LISTED RECORDS –
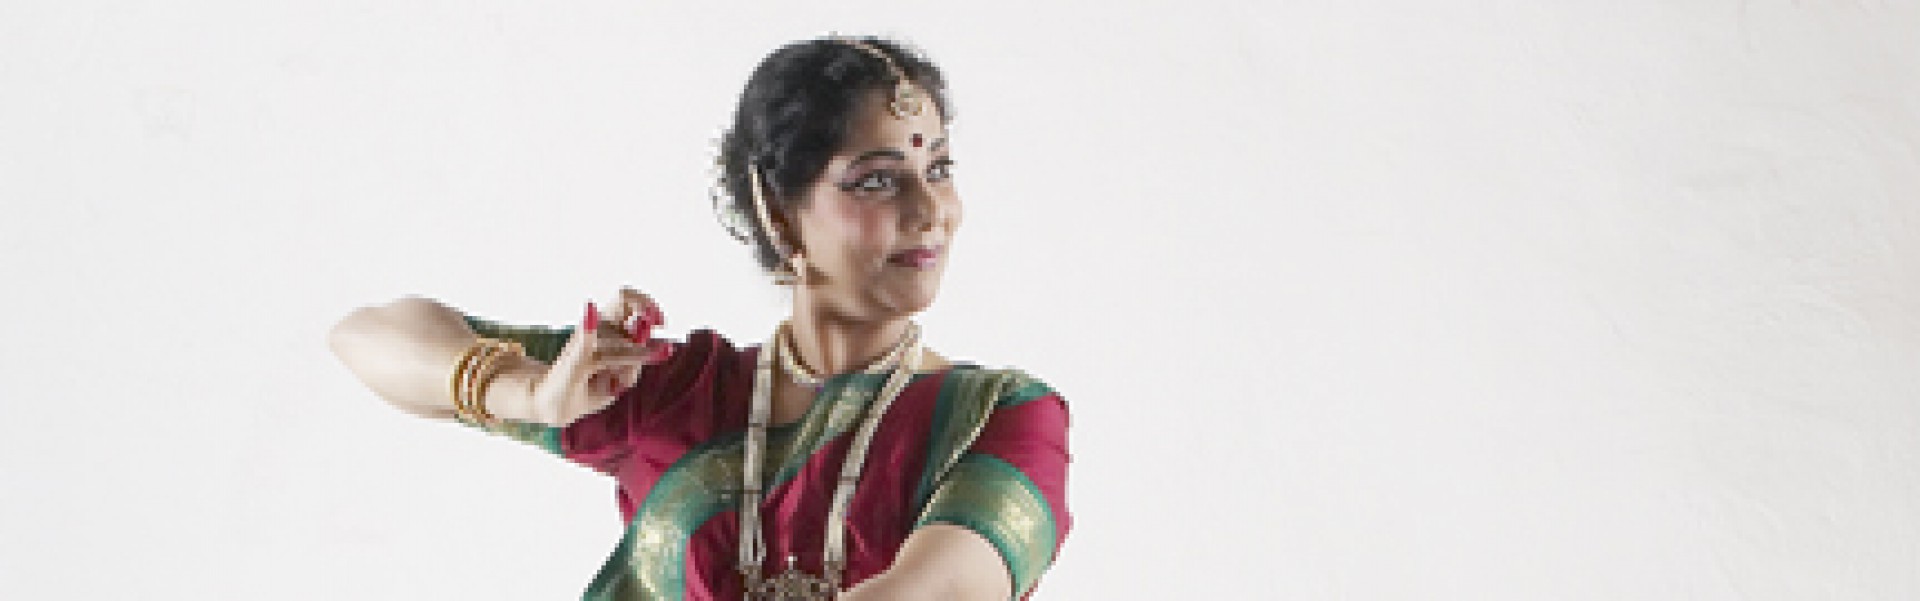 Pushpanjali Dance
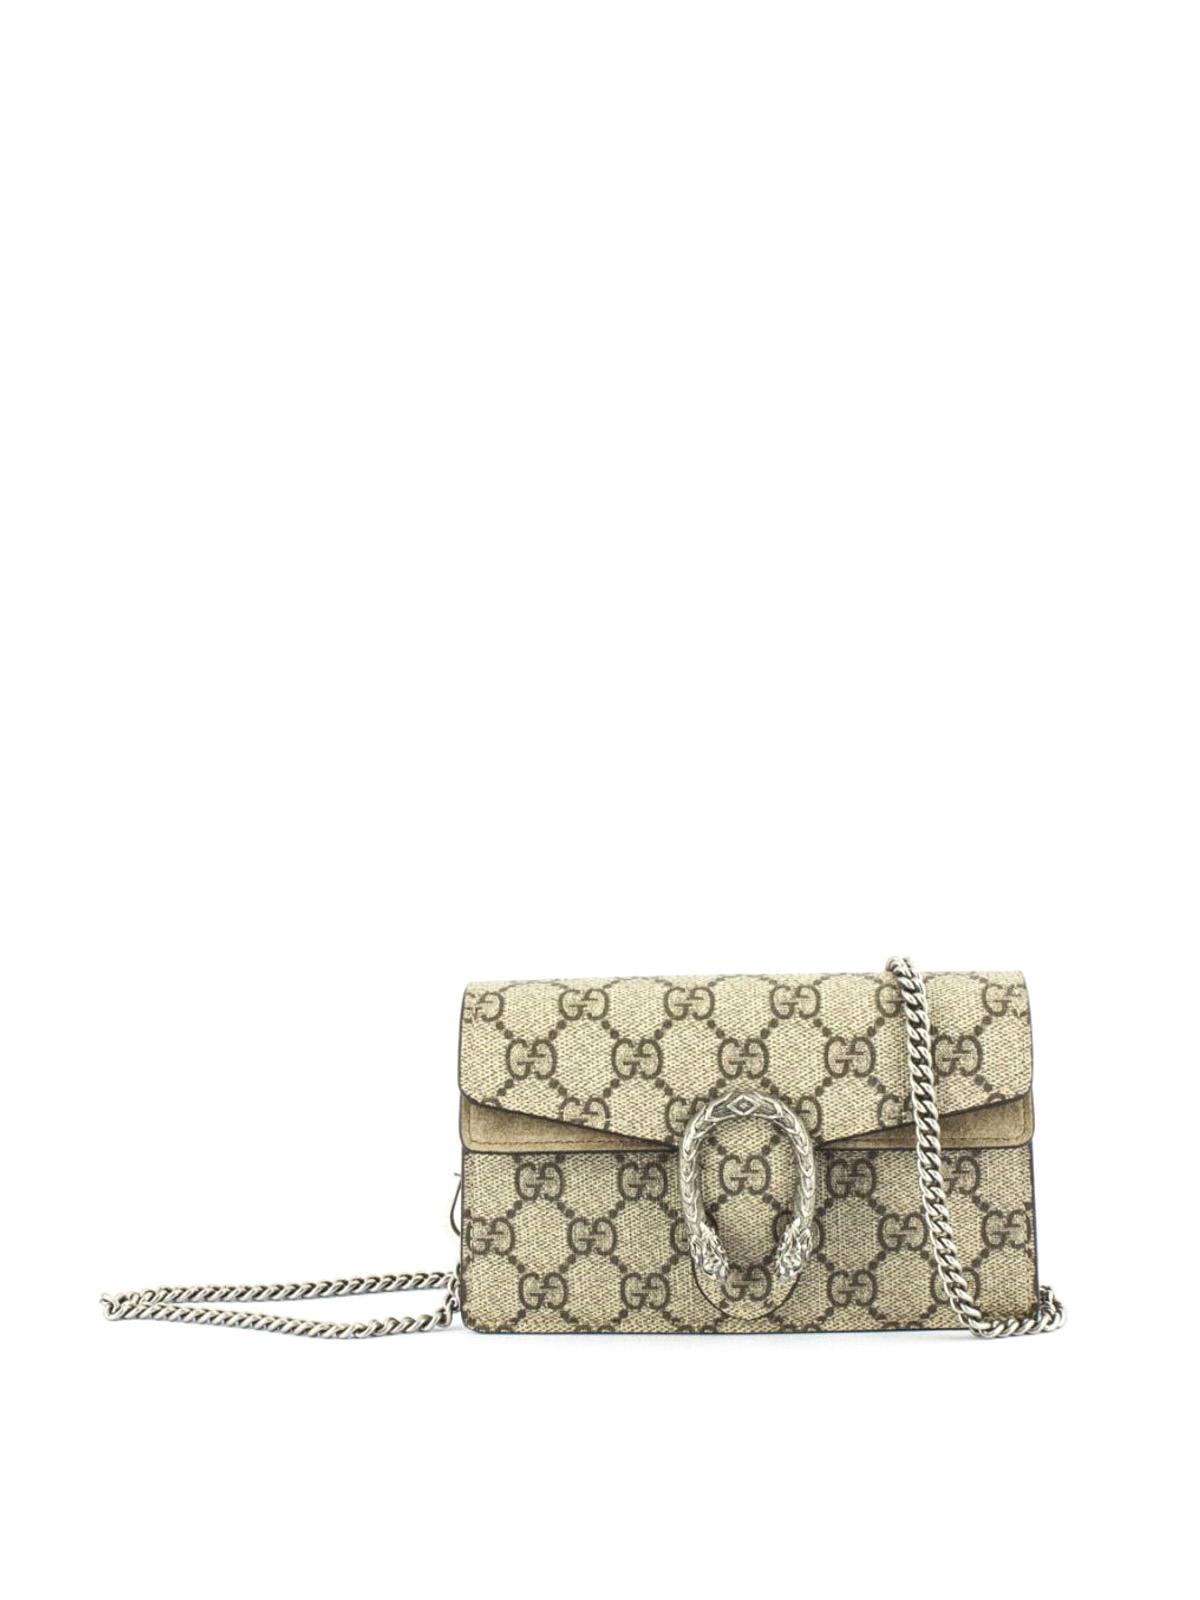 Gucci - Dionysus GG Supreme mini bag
* * *
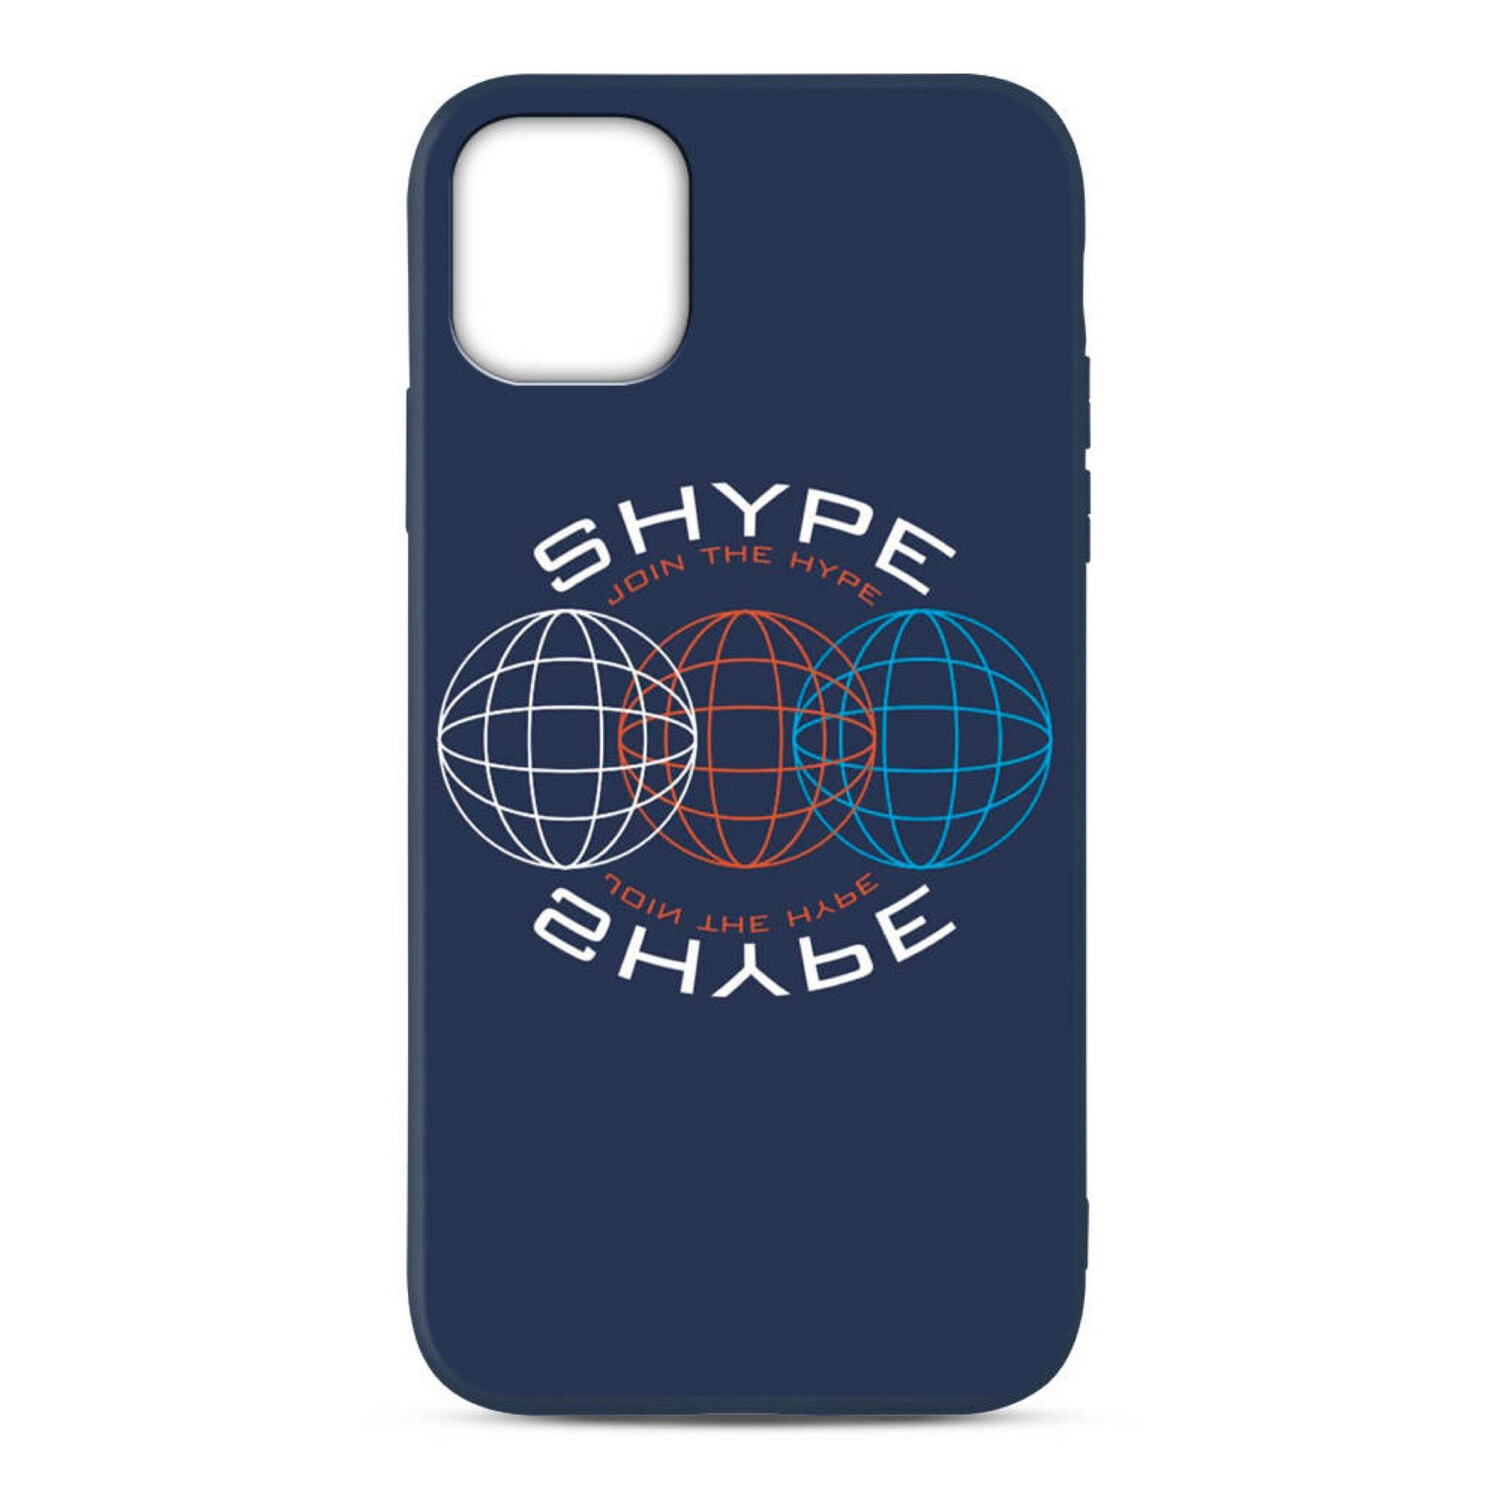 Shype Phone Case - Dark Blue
...
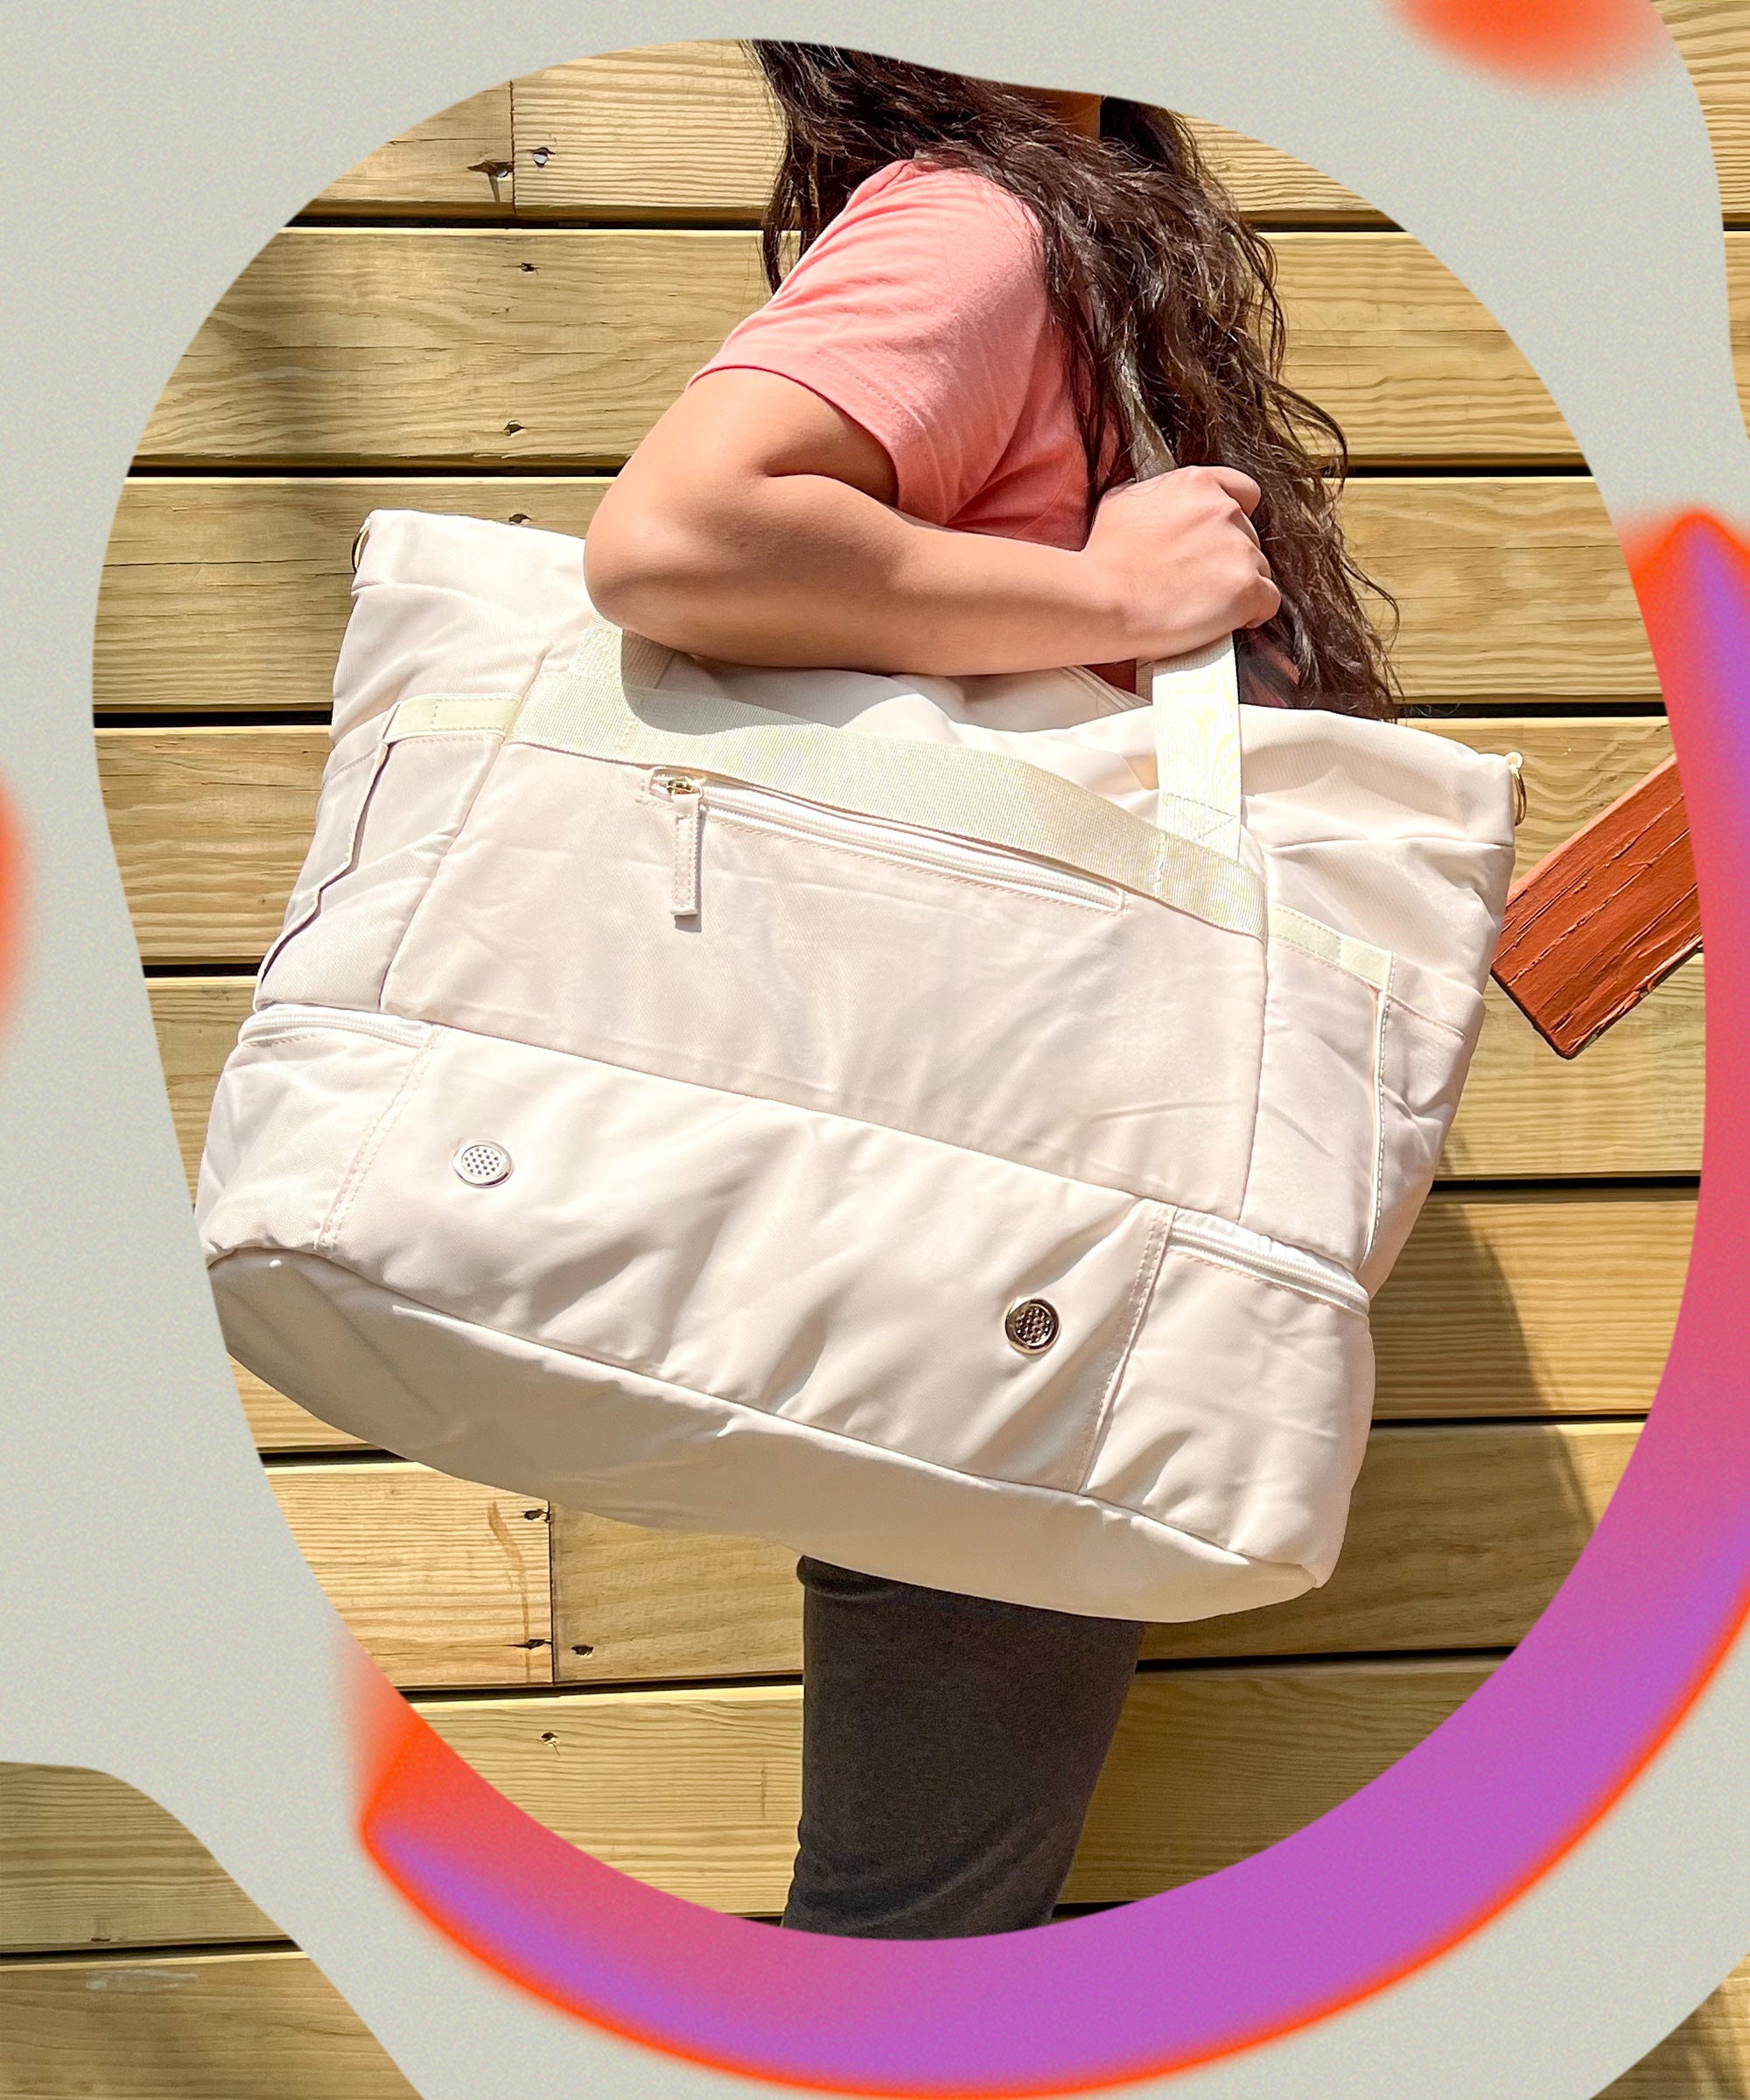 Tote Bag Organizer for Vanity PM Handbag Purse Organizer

TASK DESCRIPTION – Would you restate, exactly and with no pictures, the lines of the entries above from the one containing "Pushpanjali Dance" through the one containing "Gucci - Dionysus GG Supreme mini bag"?

EXERCISE OUTPUT –
 Pushpanjali Dance
 Gucci - Dionysus GG Supreme mini bag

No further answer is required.